▶ _PROBLEM_: From the line with "opens a dialog" to the line with "Journal of Animal", retype each line exactly as it stands in the records below, but skip the pictures.

▶ _DATA LISTING_:
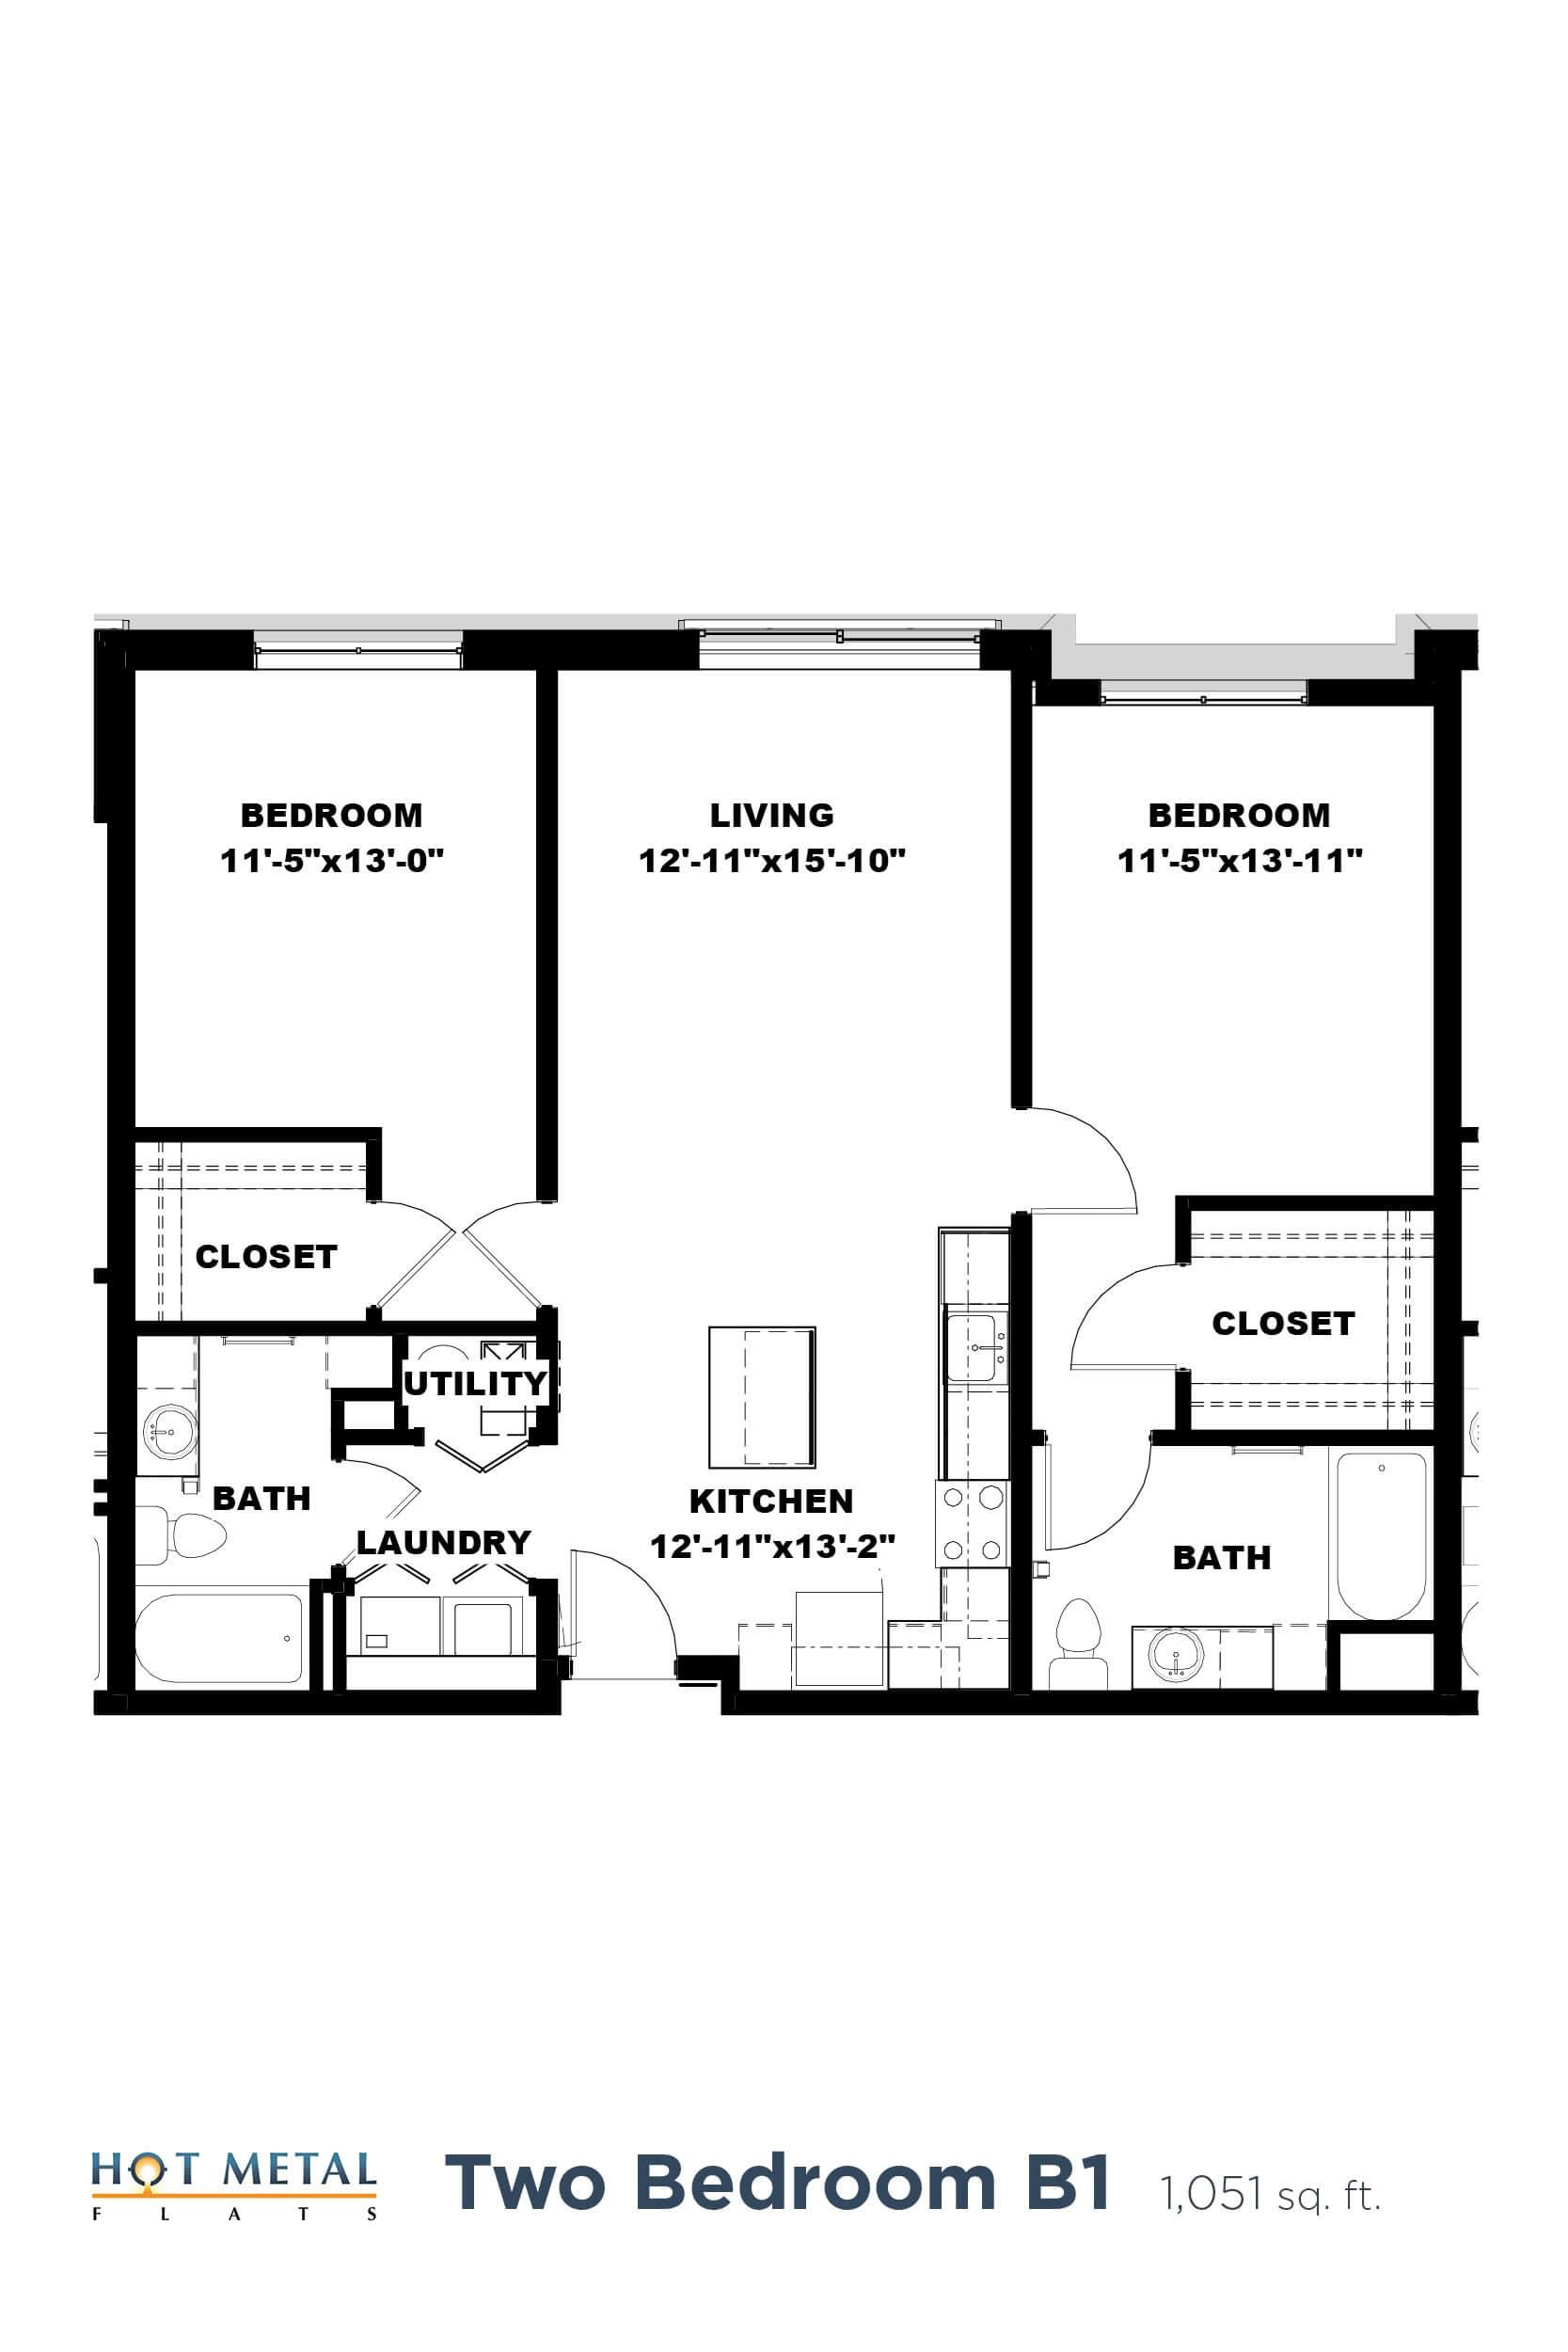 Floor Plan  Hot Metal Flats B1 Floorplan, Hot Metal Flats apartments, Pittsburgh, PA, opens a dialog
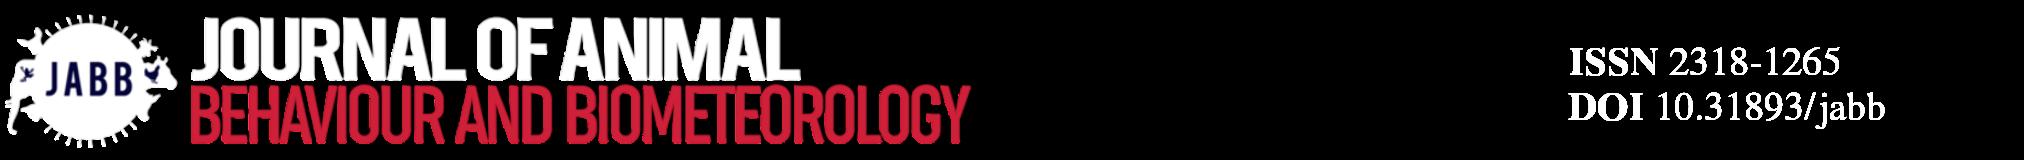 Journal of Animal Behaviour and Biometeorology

==

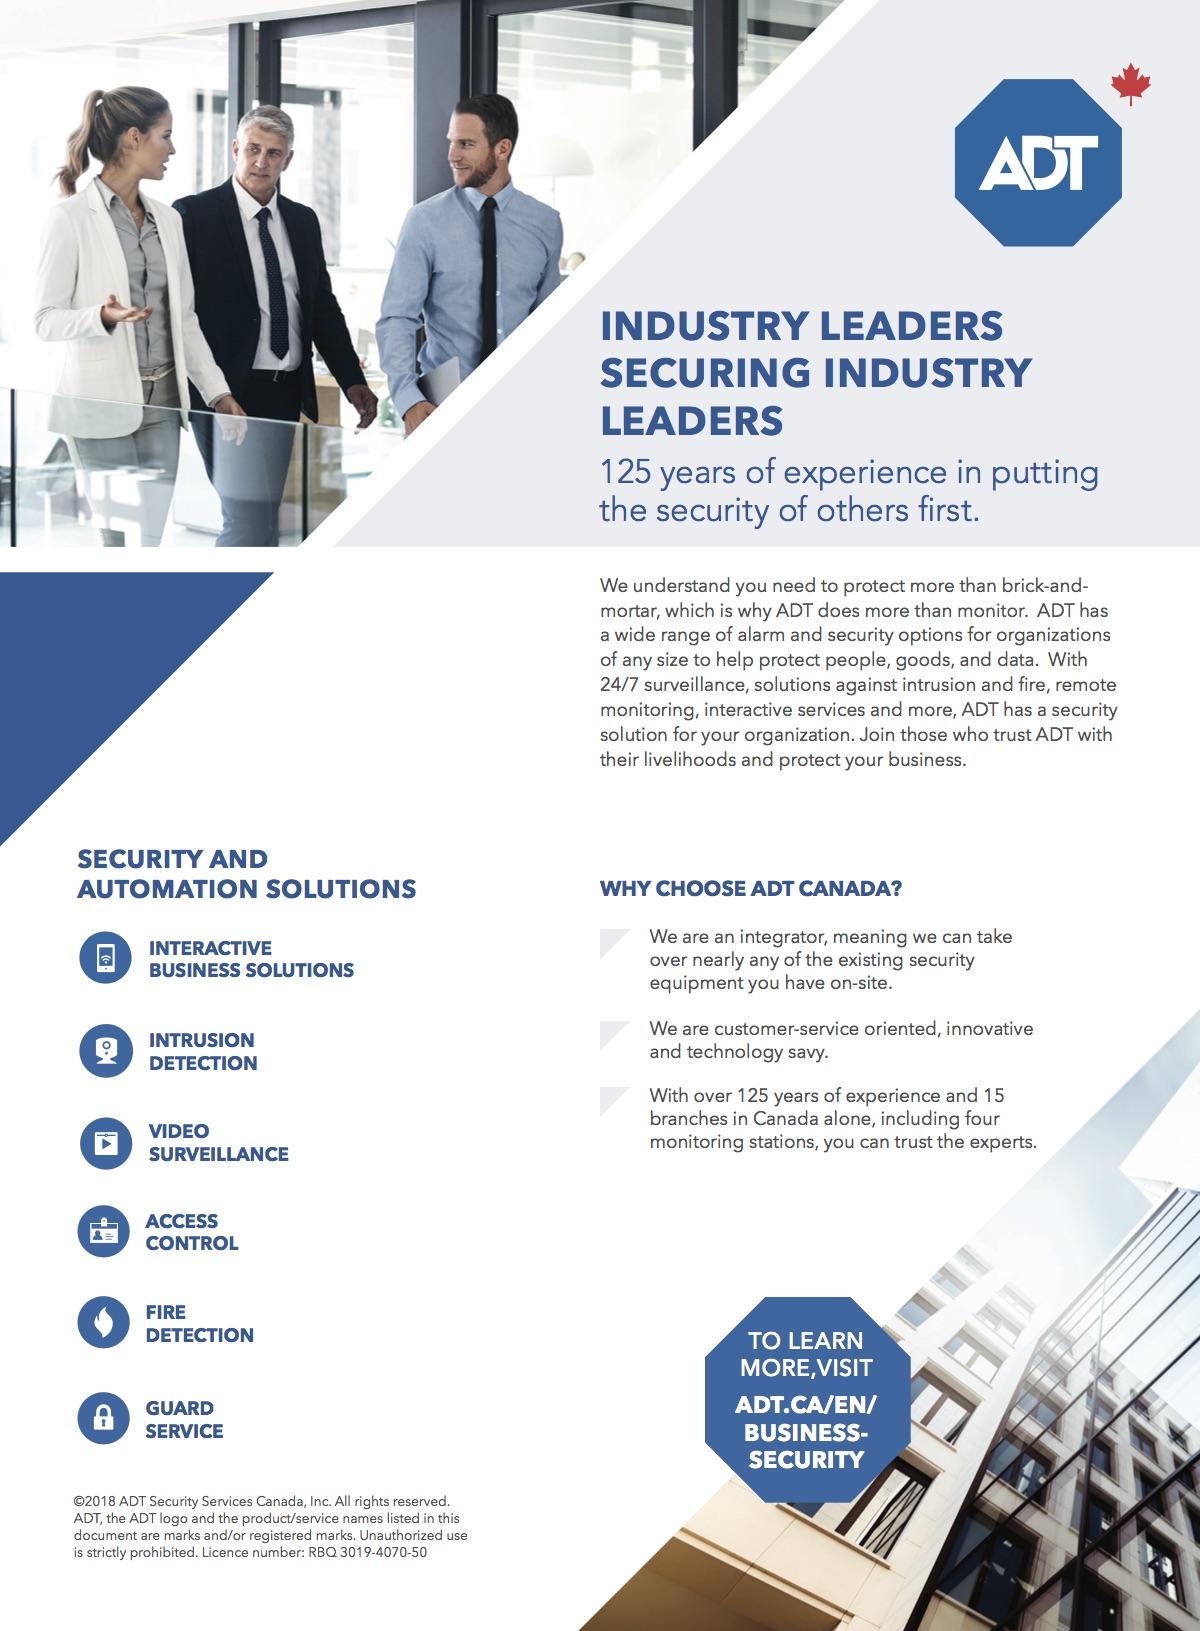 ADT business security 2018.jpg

---

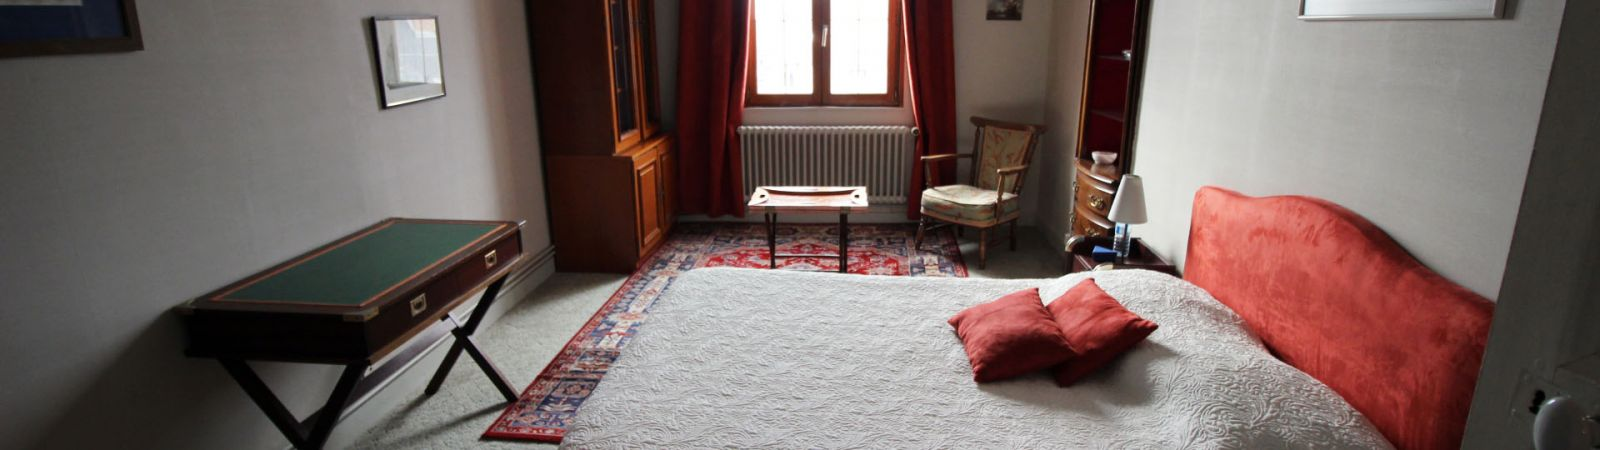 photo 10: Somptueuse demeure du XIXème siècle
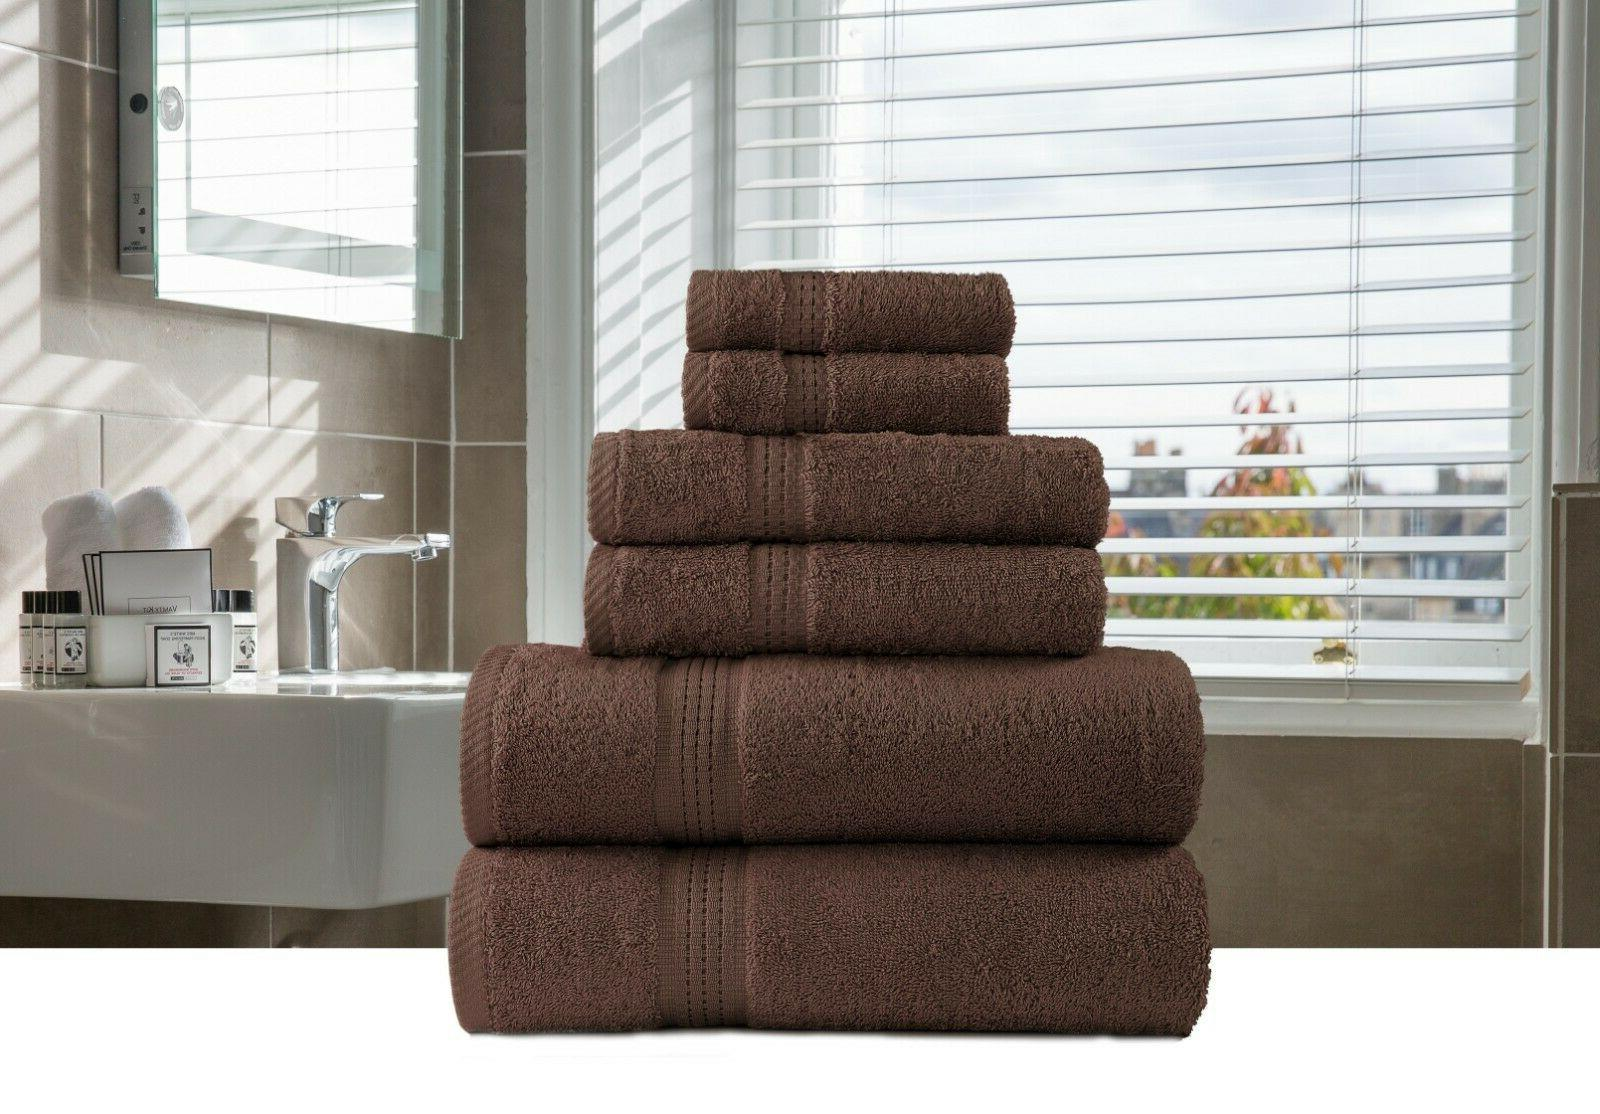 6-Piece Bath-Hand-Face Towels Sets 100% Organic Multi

▶ _SOLVED EXERCISE_:
 Floor Plan  Hot Metal Flats B1 Floorplan, Hot Metal Flats apartments, Pittsburgh, PA, opens a dialog
 Journal of Animal Behaviour and Biometeorology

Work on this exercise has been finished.